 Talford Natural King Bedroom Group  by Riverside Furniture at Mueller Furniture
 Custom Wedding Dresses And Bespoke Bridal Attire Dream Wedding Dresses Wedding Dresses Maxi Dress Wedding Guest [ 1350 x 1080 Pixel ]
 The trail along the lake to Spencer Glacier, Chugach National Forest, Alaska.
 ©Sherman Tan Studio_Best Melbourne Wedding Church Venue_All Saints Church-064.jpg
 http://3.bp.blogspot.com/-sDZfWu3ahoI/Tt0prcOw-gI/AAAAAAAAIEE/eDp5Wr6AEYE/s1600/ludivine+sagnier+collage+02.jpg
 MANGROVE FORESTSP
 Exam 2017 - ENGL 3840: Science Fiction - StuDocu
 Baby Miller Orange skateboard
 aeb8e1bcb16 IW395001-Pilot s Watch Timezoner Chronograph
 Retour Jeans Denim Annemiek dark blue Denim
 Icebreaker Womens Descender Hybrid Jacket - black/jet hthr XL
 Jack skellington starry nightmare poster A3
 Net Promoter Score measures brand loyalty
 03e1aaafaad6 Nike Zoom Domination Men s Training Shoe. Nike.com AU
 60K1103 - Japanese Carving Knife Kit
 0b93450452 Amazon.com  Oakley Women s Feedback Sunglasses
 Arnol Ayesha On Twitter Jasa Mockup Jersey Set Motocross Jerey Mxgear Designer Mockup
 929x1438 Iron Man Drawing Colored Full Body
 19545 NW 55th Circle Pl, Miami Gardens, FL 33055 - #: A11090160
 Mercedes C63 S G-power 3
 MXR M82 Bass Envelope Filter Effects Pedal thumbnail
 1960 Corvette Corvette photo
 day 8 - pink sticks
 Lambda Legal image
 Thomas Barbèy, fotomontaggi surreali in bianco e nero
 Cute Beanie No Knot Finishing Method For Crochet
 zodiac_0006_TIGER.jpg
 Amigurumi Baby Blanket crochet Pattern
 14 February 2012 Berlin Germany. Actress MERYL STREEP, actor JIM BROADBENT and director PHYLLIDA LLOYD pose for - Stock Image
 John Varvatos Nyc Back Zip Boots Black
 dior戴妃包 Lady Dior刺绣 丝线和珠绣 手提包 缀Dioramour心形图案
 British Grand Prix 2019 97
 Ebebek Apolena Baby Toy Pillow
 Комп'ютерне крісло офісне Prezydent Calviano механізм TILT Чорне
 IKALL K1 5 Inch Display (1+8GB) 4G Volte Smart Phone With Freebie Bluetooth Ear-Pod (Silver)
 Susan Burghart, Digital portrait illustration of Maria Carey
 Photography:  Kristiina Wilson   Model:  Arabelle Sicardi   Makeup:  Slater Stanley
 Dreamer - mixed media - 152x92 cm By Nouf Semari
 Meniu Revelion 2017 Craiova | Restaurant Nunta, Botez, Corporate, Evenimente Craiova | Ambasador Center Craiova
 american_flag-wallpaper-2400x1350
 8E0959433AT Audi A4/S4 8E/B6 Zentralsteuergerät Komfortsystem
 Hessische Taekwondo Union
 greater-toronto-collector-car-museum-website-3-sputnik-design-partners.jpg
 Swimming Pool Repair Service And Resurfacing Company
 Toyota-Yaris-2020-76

----------------

**WHAT YOU ARE ASKED TO DO:**
Would you please copy every line in the data that contains the word "Baby"?

**SOLUTION FOR THIS TASK:**
 Baby Miller Orange skateboard
 Amigurumi Baby Blanket crochet Pattern
 Ebebek Apolena Baby Toy Pillow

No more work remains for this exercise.